C-5045/2022 Page 25 9. 9.1 Selon la jurisprudence, il y a lieu de conclure à l’absence d’une atteinte à la santé ouvrant le droit aux prestations d’assurance, si les limitations liées à l’exercice d’une activité lucrative résultent d’une exagération des symptômes ou d’une constellation semblable, et ce même si les caractéristiques d’un trouble somatoforme douloureux – respectivement d’une affection psychosomatique comparable – au sens de la classification sont réalisées. Des indices d’une telle exagération apparaissent notamment en cas de discordance entre les douleurs décrites et le comportement observé, d’allégation d’intenses douleurs dont les caractéristiques demeurent vagues, d’absence de demande de soins, de grandes divergences entre les informations fournies par le patient et celles ressortant de l’anamnèse, de plaintes très démonstratives laissant insensible l’expert, ainsi que d’allégation de lourds handicaps malgré un environnement psycho-social intact. S’il est évident dans le cas d’espèce qu’il existe des motifs excluant la reconnaissance d’une atteinte à la santé, il n’existe d’emblée aucun fondement pour une rente d’invalidité (cf.
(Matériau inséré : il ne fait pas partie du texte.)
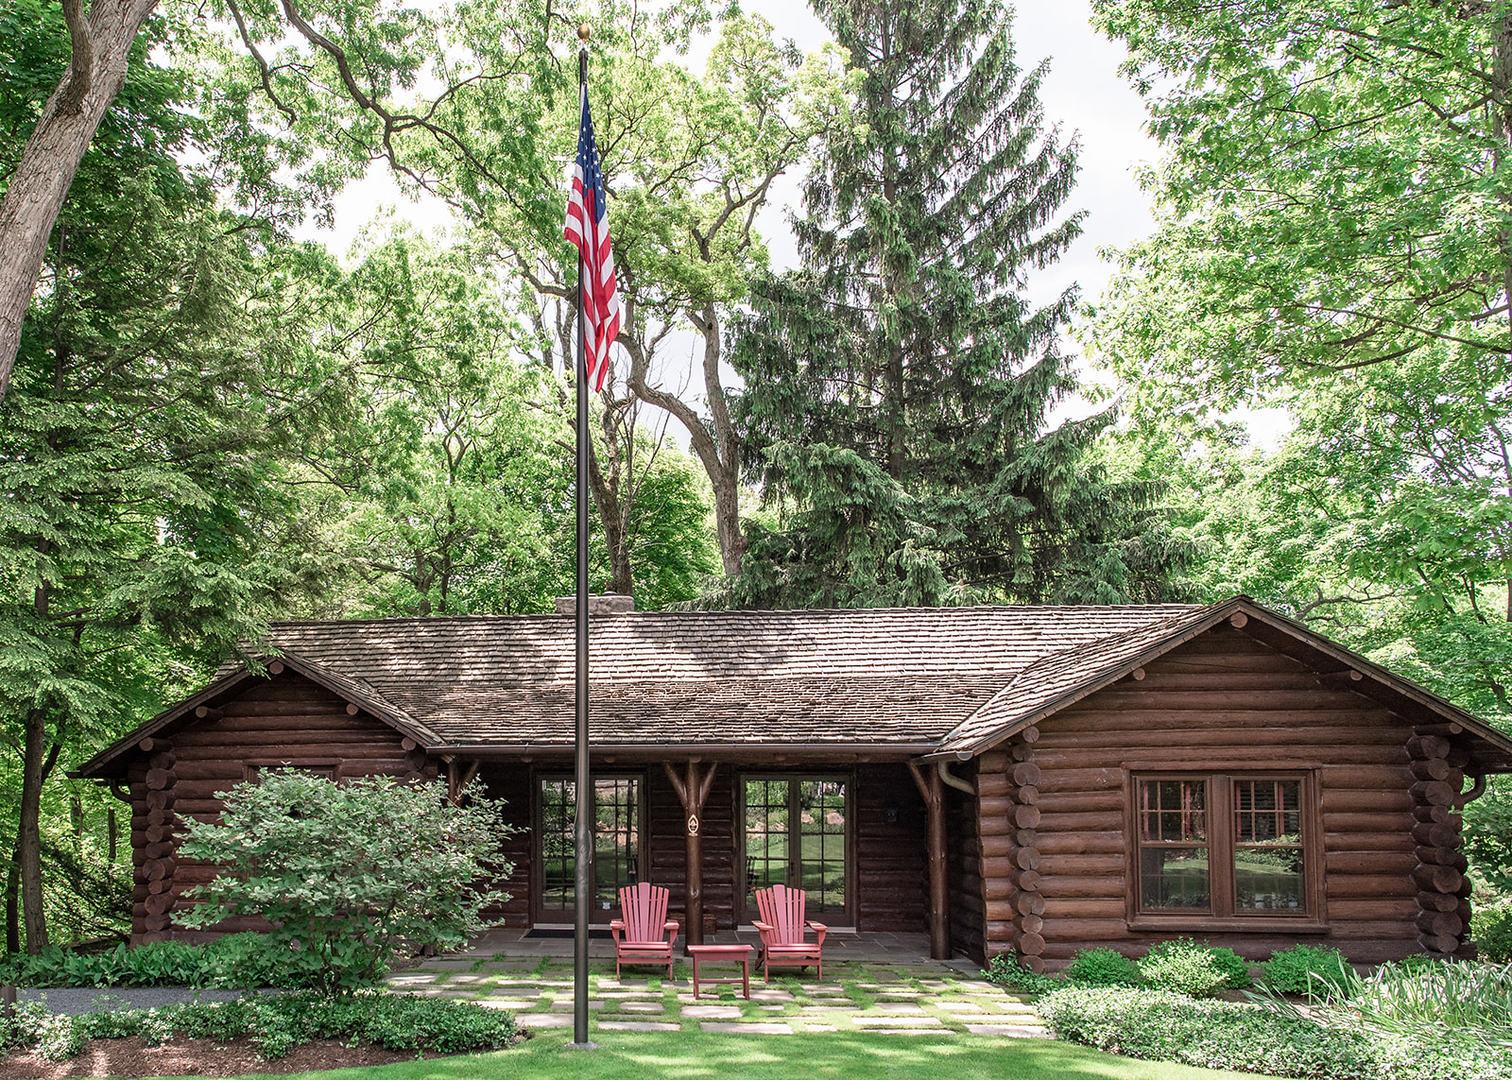 272 South Sheridan, Lake Forest, Illinois, 60045

ATF 141 V 281 consid. 2.2 ; arrêts du TF 8C_291/2016 du 12 août 2016 consid. 2.2, 9C_16/2016 du 14 juin 2016 consid. 3.2). 9.2 En l’occurrence, il ressort du rapport d’expertise rhumato-psychiatrique BEM (...) du 22 septembre 2021 : – des discordances importantes entre les plaintes de l’assuré et le comportement observé : – une incapacité partielle (« extrêmement difficile »), en présence de l’experte, à l’habillage et au déshabillage qui, aux dires de l’assuré, nécessitaient au quotidien l’aide de son frère (AI p. 531), néanmoins effectués sans aide une fois l’assuré seul dans la salle d’examen (AI p. 536) ; – des plaintes douloureuses sans explications anatomiques (AI p. 525, 528) ; – un défaut de prise d’antalgiques (Tramadol) malgré l’importance des douleurs décrites (AI p. 526, 537, 555) ; – l’allégation d’une impotence fonctionnelle majeure du membre supérieur gauche malgré l’absence d’amyotrophie démontrant objectivement une utilisation persistante de ce dernier (AI p. 526, 538) ; – des manifestations théâtrales d’impotence corporelle complète (allant jusqu’à rendre l’observation impossible avec notamment des
C-5045/2022 Page 26 incapacités alléguées de se coucher sur la table d’examen et de marcher normalement) pour laquelle il n’y a aucune explication (AI p. 526, 536, 538) ; – une attitude recroquevillée du patient qui n’est pas expliquée (AI p. 538) ; – l’allégation d’intenses douleurs dont les caractéristiques demeurent vagues : – une symptomatologie douloureuse diffuse avec de violentes douleurs au bras gauche accidenté mais aussi au bras droit et au dos (cervicales), des douleurs aux deux jambes irradiant jusqu’aux orteils et l’empêchant d’être pieds nus, beaucoup de migraines, ainsi que des douleurs brûlantes sur la partie haute du corps comme s’il avait pris un coup de soleil (AI p. 528, 538) ; – des grimaces de type douloureux (AI p. 540) ; – de grandes divergences entre les informations fournies par le patient et celles ressortant de l’anamnèse : – une allégation d’impotence respectivement d’inutilisation du membre supérieur gauche contredites par l’absence d’amyotrophie de ce membre (AI p. 472) ; – une attitude inconséquente de l’assuré qui a déclaré lors de l’expertise du 8 juillet 2021 ne pas comprendre pourquoi il se trouvait devant un psychiatre et a nié une pathologie psychique (AI p. 540), alors même qu’il a indiqué à l’OCAS que « tout ce bouleversement commen[çait] à altérer sérieusement [s]on état psychologique » (cf. courrier du 9 décembre 2020 [AI p. 475]) et « qu’il avait envie de se jeter d’un pont » (cf. note téléphonique du 1 er février 2021 [AI p. 477]) ; – des plaintes très démonstratives laissant insensibles les expertes : – « des éléments d’autolimitations avec un comportement théâtral et une exagération infantile. L’assuré a gardé une attitude tout à fait inadaptée, ne regardant jamais ni l’experte, ni la pièce, étant recroquevillé sur lui-même, comme s’il cherchait à apitoyer l’experte » (AI p. 526, 551) ; – une absence de demande de soins malgré les plaintes : – le refus des traitements par l’assuré respectivement la non- compliance aux traitements préconisés (AI p. 523 526, 538) ;
C-5045/2022 Page 27 – le refus d’un suivi psychiatrique (AI p. 526, 551, 578) ; – la non-compliance aux médications antalgique et antidépressive prescrites (537, 549 s., 555 ss).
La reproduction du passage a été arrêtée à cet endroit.